Jusqu'ici j'ai logé en garçon et en étudiant; il faut, pour des raisons que tu ne
tarderas pas à savoir, que je meuble convenablement mon logis, et j'ai
besoin pour cela des conseils d'une femme: c'est toi que j'ai choisie pour
guider mon inexpérience et mon hésitation. Je n'ai plus à meubler que ma
chambre à coucher, et je veux la meubler en vieux meubles de bois sculpté.
Si cela ne t'ennuie pas trop, nous allons courir les boutiques ensemble.» Au
moment où Albert avait dit: Pour des raisons que tu ne tarderas pas à
savoir, Geneviève avait ouvert la bouche pour lui dire: Est-ce que tu vas te
marier? mais elle passa toute la journée dans mille et mille hésitations,
retournant la phrase en tout sens, puis cherchant l'occasion de la placer, de
telle sorte que le soir, quand Albert l'eut ramenée chez elle, elle n'avait
encore pu prendre sur elle de la prononcer.
Le lendemain, Albert revint de bonne heure; il avait fait une découverte
qui le désolait, et il venait prier Geneviève de l'aider à réparer son malheur.
Entre les meubles qu'il avait achetés, il y avait un lit d'une grande beauté,
couvert de riches sculptures, avec des amours aux quatre coins, et toute
sorte d'ornements précieusement exécutés.
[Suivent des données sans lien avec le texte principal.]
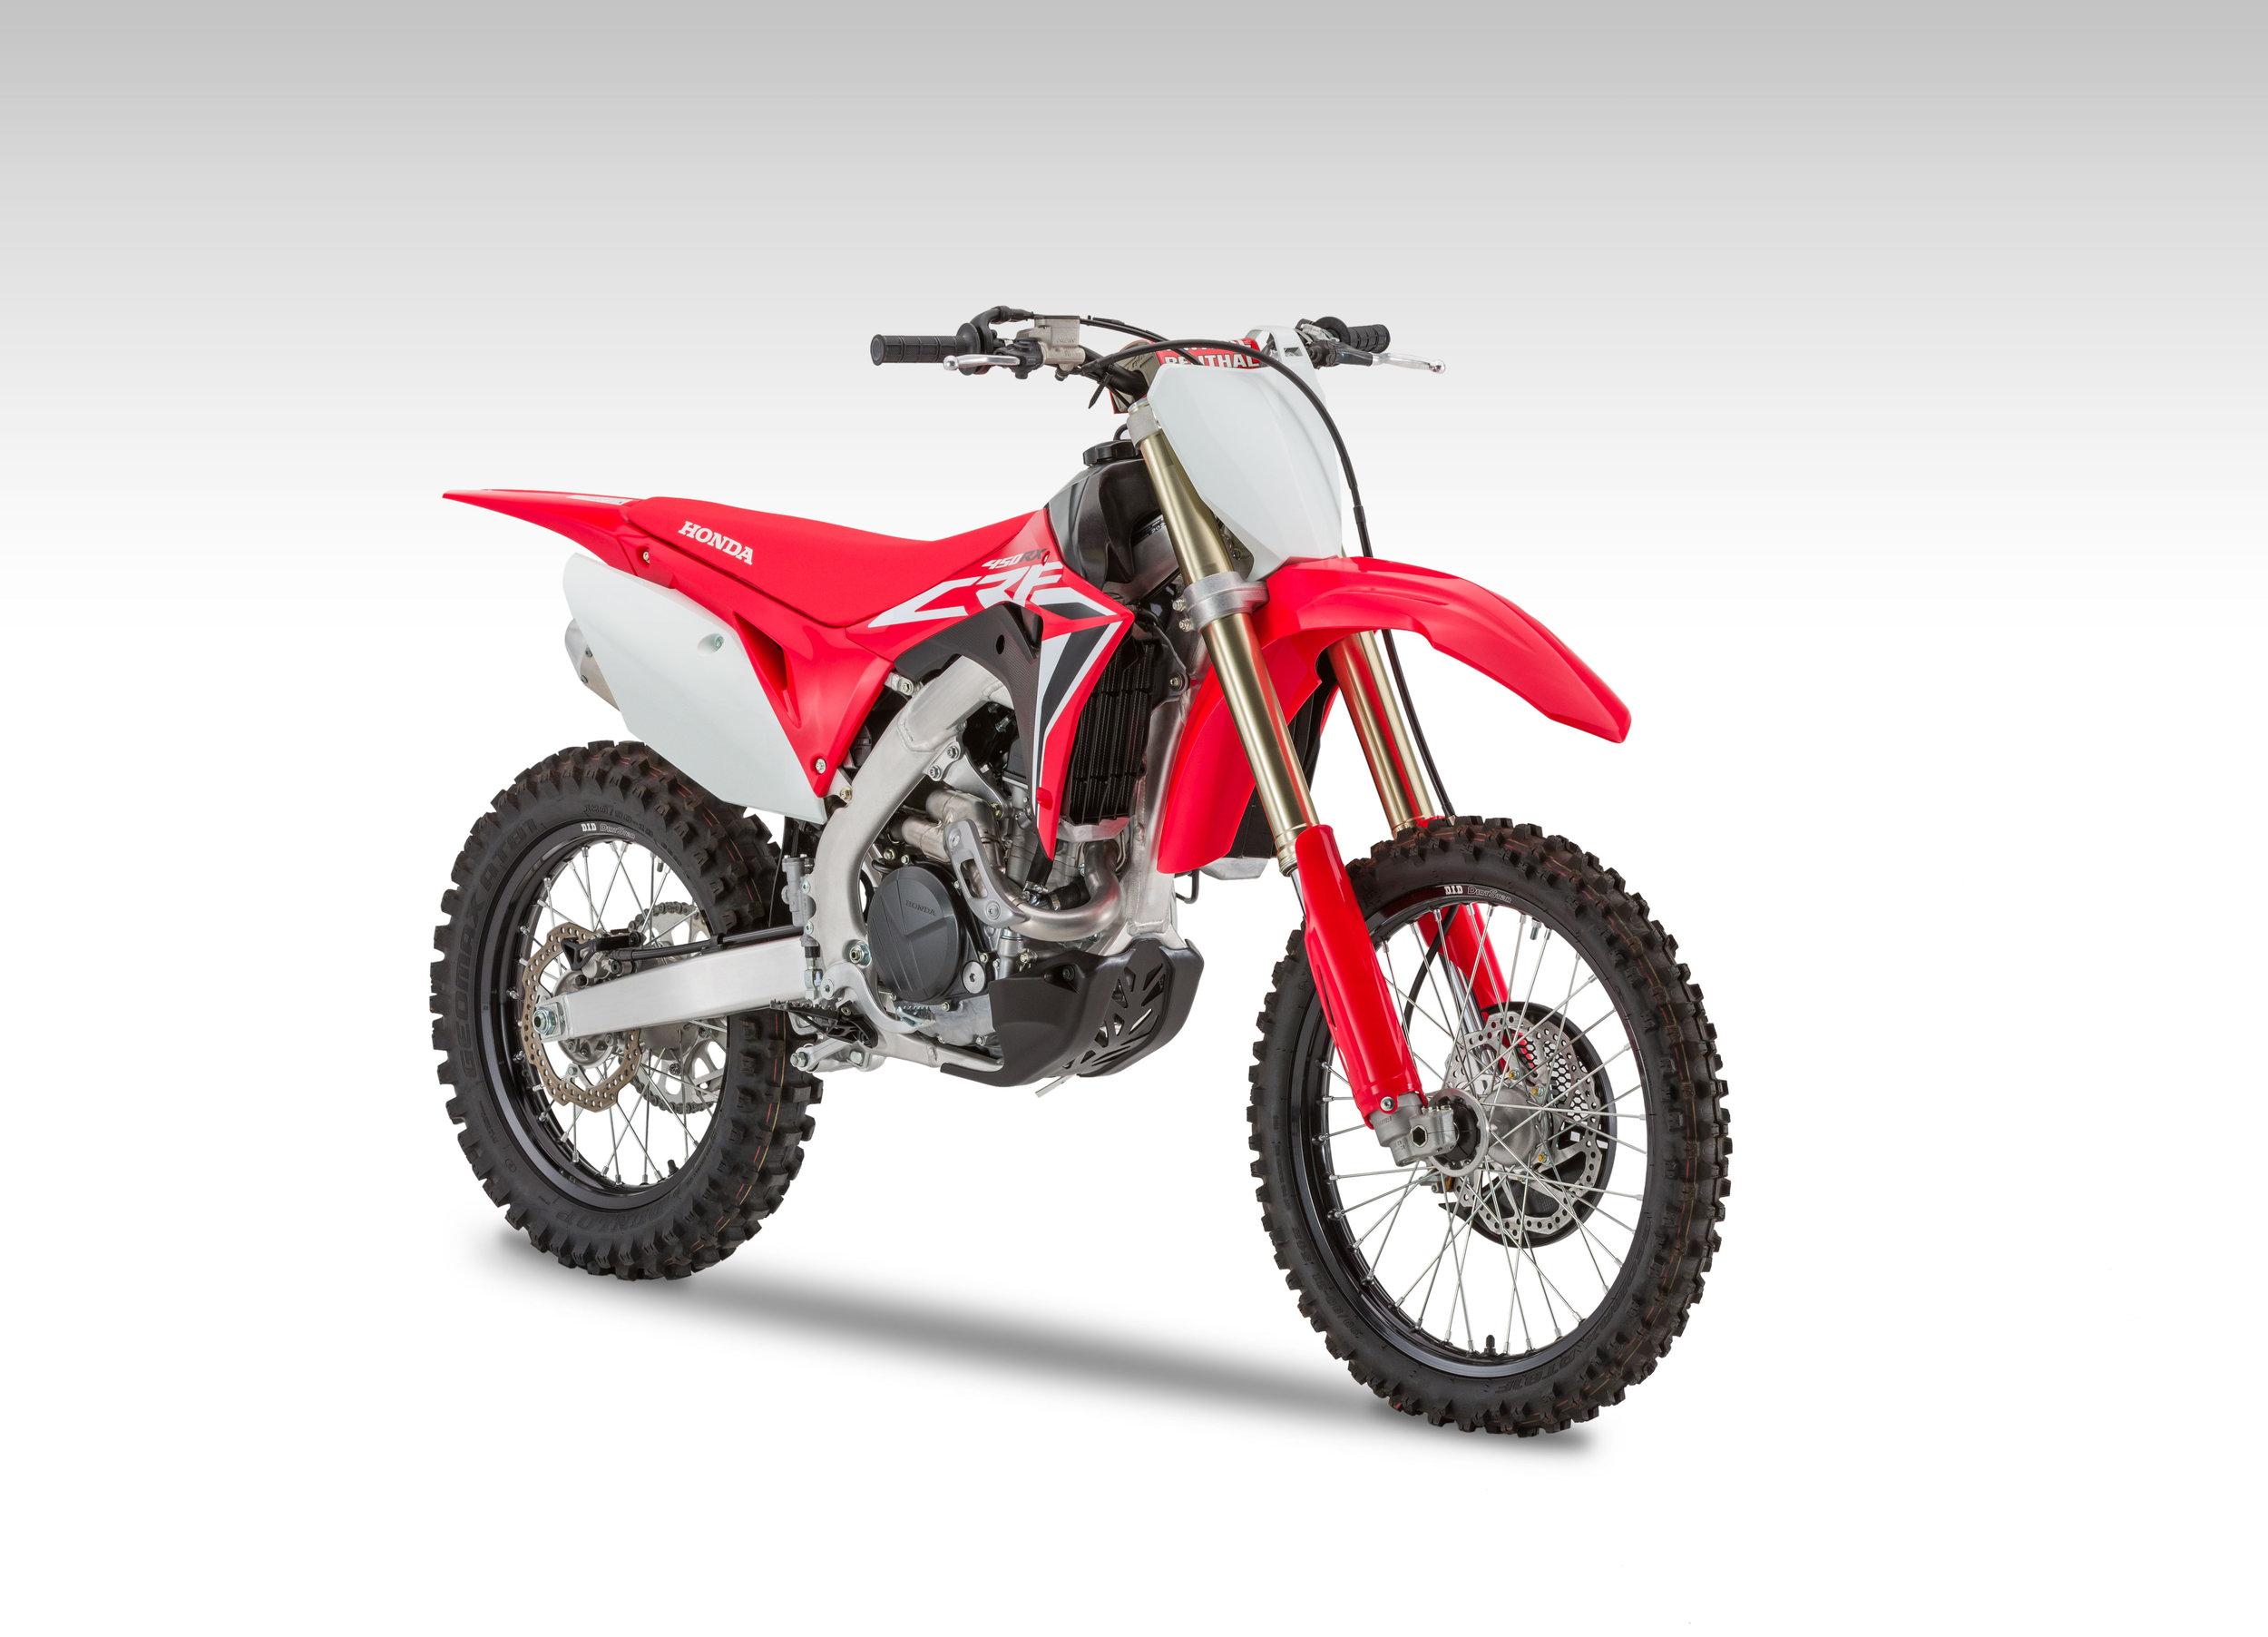 20_Honda_CRF450RX_34R.jpg

Quand, le lit transporté chez lui, Albert avait fait rejoindre les divers
morceaux du lit, il avait été fort surpris de voir que, sur les quatre colonnes
torses qui devaient soutenir le baldaquin, il y en avait une de moins.
Ils retournèrent ensemble chez le marchand; Geneviève était heureuse et
fière de donner ainsi le bras à Albert; et, quoiqu'elle eût besoin à chaque
instant de se répéter: «Il ne m'aime pas, ce n'est pas moi qui serai sa
femme,» elle ne tardait pas à se laisser entraîner de nouveau à de
charmantes rêveries. Évidemment les passants devaient les prendre pour le
mari et la femme; les marchands chez lesquels ils entraient, montraient par
leurs paroles qu'ils partageaient cette idée; et lorsque Mme Poirier, célèbre
marchande de la rue de Seine, dit: «Madame, voulez-vous vous asseoir,
pendant que je vais chercher avec monsieur votre mari ce qu'il me
demande?» Geneviève devint toute rouge, et saisit la première occasion
pour appeler Albert son cousin.
Ils sortirent de la boutique sans avoir trouvé ce qu'ils cherchaient. «Chère
petite cousine, dit Albert, tu t'es défendue d'être ma femme d'une manière
bien offensante.»
Geneviève cherchait une réponse, mais Albert parla d'autre chose, et
Geneviève laissa parler son cœur, qui lui disait à elle-même tout bas:
«Grand Dieu! me défendre d'être sa femme! un bonheur pour lequel je
donnerais mon bonheur dans le ciel! le plus haut point où se soient jamais
élevés les rêves de mon orgueil!»
Elle se représentait les moindres détails de ce bonheur: rester avec lui,
sortir avec lui, être à lui, porter son nom, l'entourer de soins assidus, lui
consacrer sa vie entière; aimer, élever des enfants qui seraient à lui. Et
penser que ce bonheur-là n'était pas au-dessus de l'humanité! Léon aime
bien Rose, Albert aurait bien pu aimer sa cousine.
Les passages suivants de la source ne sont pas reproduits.